How Quantum Computers Could Illuminate the Full Range of Human Genetic Diversity
Genomics is revolutionizing medicine and science, but current approaches still struggle to capture the breadth of human genetic diversity. Pangenomes that incorporate many people’s DNA could be the answer, and a new project thinks quantum computers will be a key enabler.
When the Human Genome Project published its first reference genome in 2001, it was based on DNA from just a handful of humans. While less than one percent of our DNA varies from person to person, this can still leave important gaps and limit what we can learn from genomic analyses.
That’s why the concept of a pangenome has become increasingly popular. This refers to a collection of genomic sequences from many different people that have been merged to cover a much greater range of human genetic possibilities.
Assembling these pangenomes is tricky though, and their size and complexity make carrying out computational analyses on them daunting. That’s why the University of Cambridge, the Wellcome Sanger Institute, and the European Molecular Biology Laboratory’s European Bioinformatics Institute have teamed up to see if quantum computers can help.
“We’ve only just scratched the surface of both quantum computing and pangenomics,” David Holland of the Wellcome Sanger Institute said in a press release. “So to bring these two worlds together is incredibly exciting. We don’t know exactly what’s coming, but we see great opportunities for major new advances.”
Pangenomes could be crucial for discovering how different genetic variants impact human biology, or that of other species. The current reference genome is used as a guide to assemble genetic sequences, but due to the variability of human genomes there are often significant chunks of DNA that don’t match up. A pangenome would capture a lot more of that diversity, making it easier to connect the dots and giving us a more complete view of possible human genomes.

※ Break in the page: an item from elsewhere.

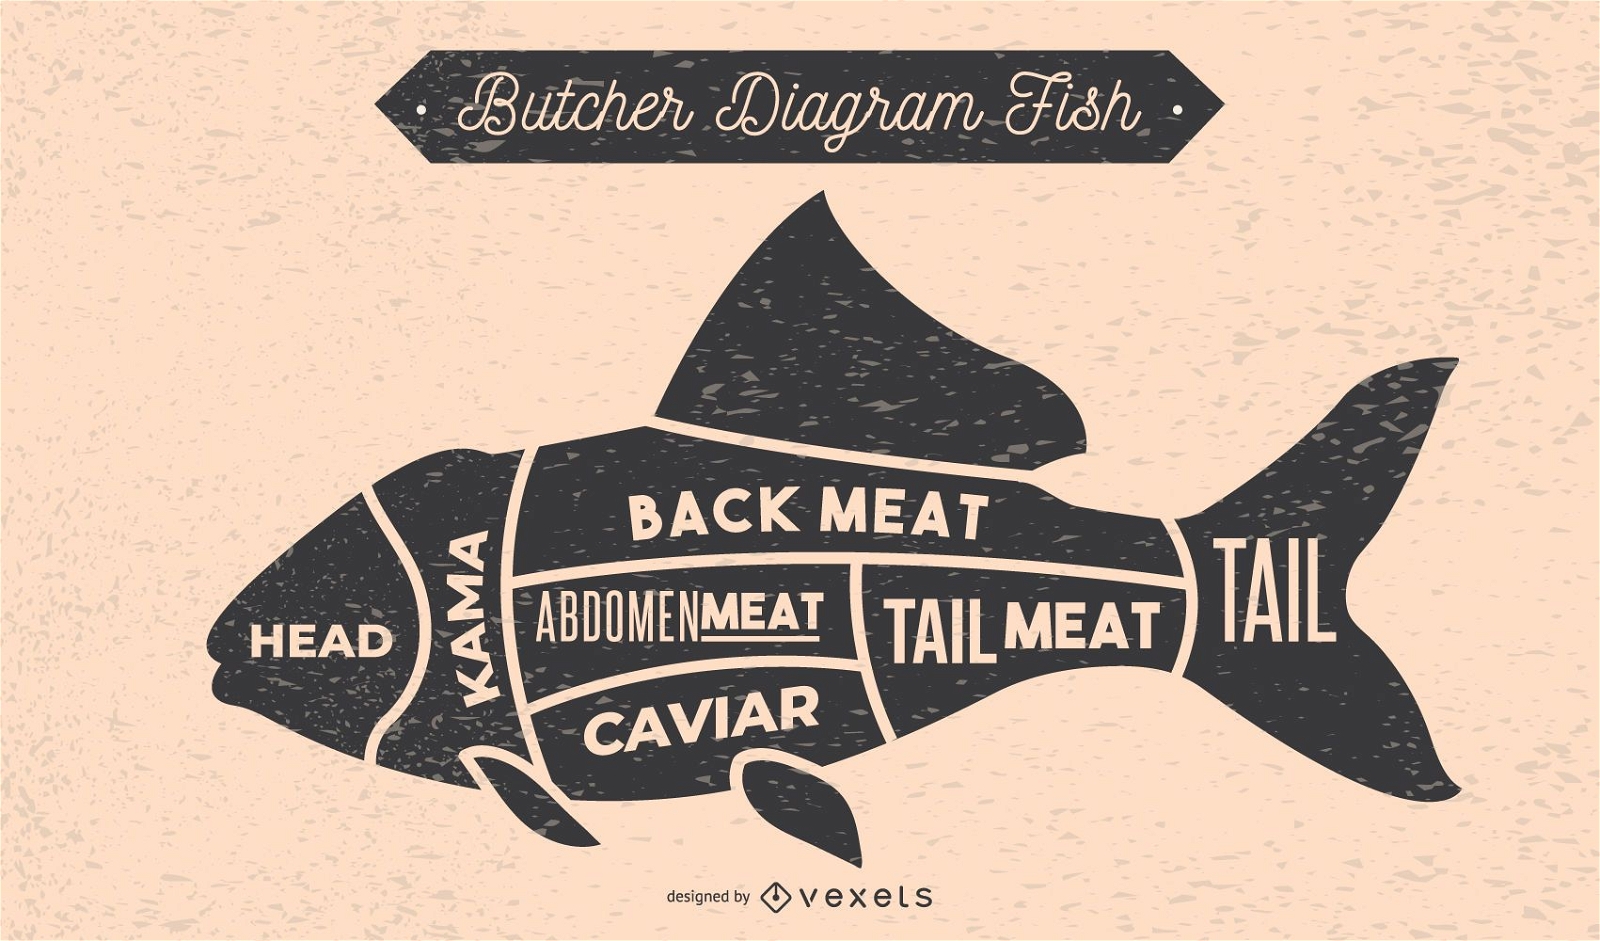 Fish Butcher Diagram

Despite their power, pangenomes are difficult to work with. While the genome of a single person is just a linear sequence of genetic data, a pangenome is a complex network that tries to capture all the ways in which its constituent genomes do and don’t overlap.
These so-called “sequence graphs” are challenging to construct and even more challenging to analyze. And it will require high levels of computational power and novel techniques to make use of the rich representation of human diversity contained within.

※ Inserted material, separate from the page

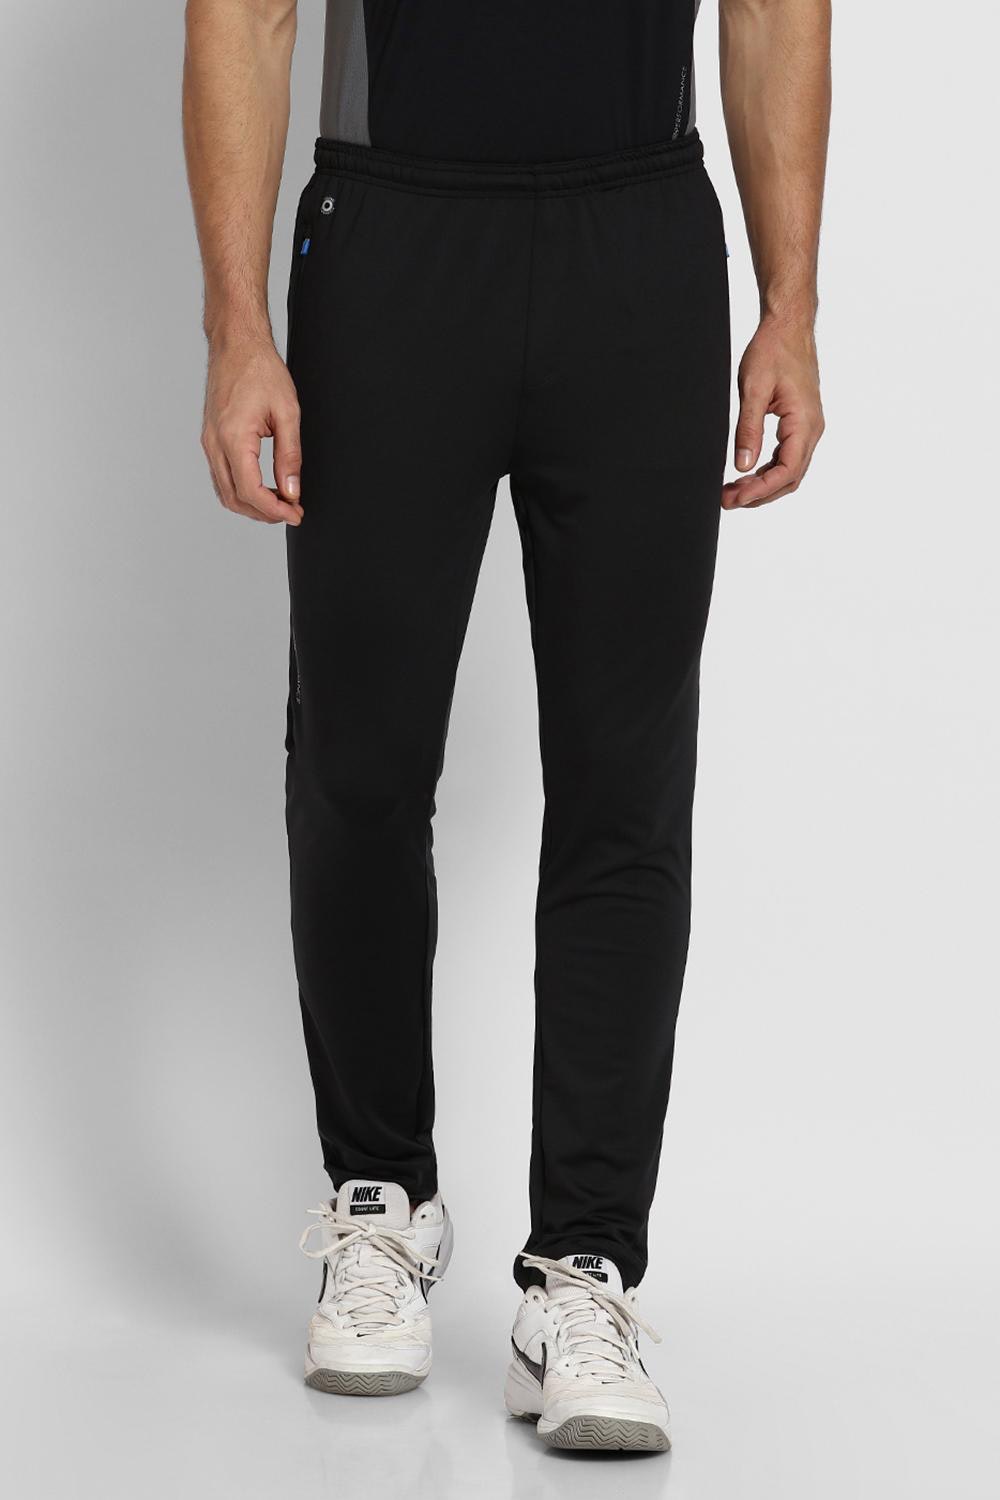 Black Nike Reflective Thermal Track Pants (sz. XL)

That’s where this new project sees quantum computers lending a hand. Relying on the quirks of quantum mechanics, they can tackle certain computational problems that are near impossible for classical computers.
While there’s still considerable uncertainty about what kinds of calculations quantum computers will actually be able to run, many hope they will dramatically improve our ability to solve problems relating to complex systems with large numbers of variables. This new project is aimed at developing quantum algorithms that speed up both the production and analysis of pangenomes, though the researchers admit it’s early days.
“We’re starting from scratch because we don’t even know yet how to represent a pangenome in a quantum computing environment,” David Yuan from the European Bioinformatics Institute said in the press release. “If you compare it to the first moon landings, this project is the equivalent of designing a rocket and training the astronauts.”
The project has been awarded $3.5 million, which will be used to develop new algorithms and then test them on simulated quantum hardware using supercomputers. The researchers think the tools they develop could lead to significant breakthroughs in personalized medicine. They could also be applied to pangenomes of viruses and bacteria, improving our ability to track and manage disease outbreaks.
Given its exploratory nature and the difficulty of getting quantum computers to do anything practical, it could be some time before the project bears fruit. But if they succeed, the researchers could significantly expand our ability to make sense of the genes that shape our lives.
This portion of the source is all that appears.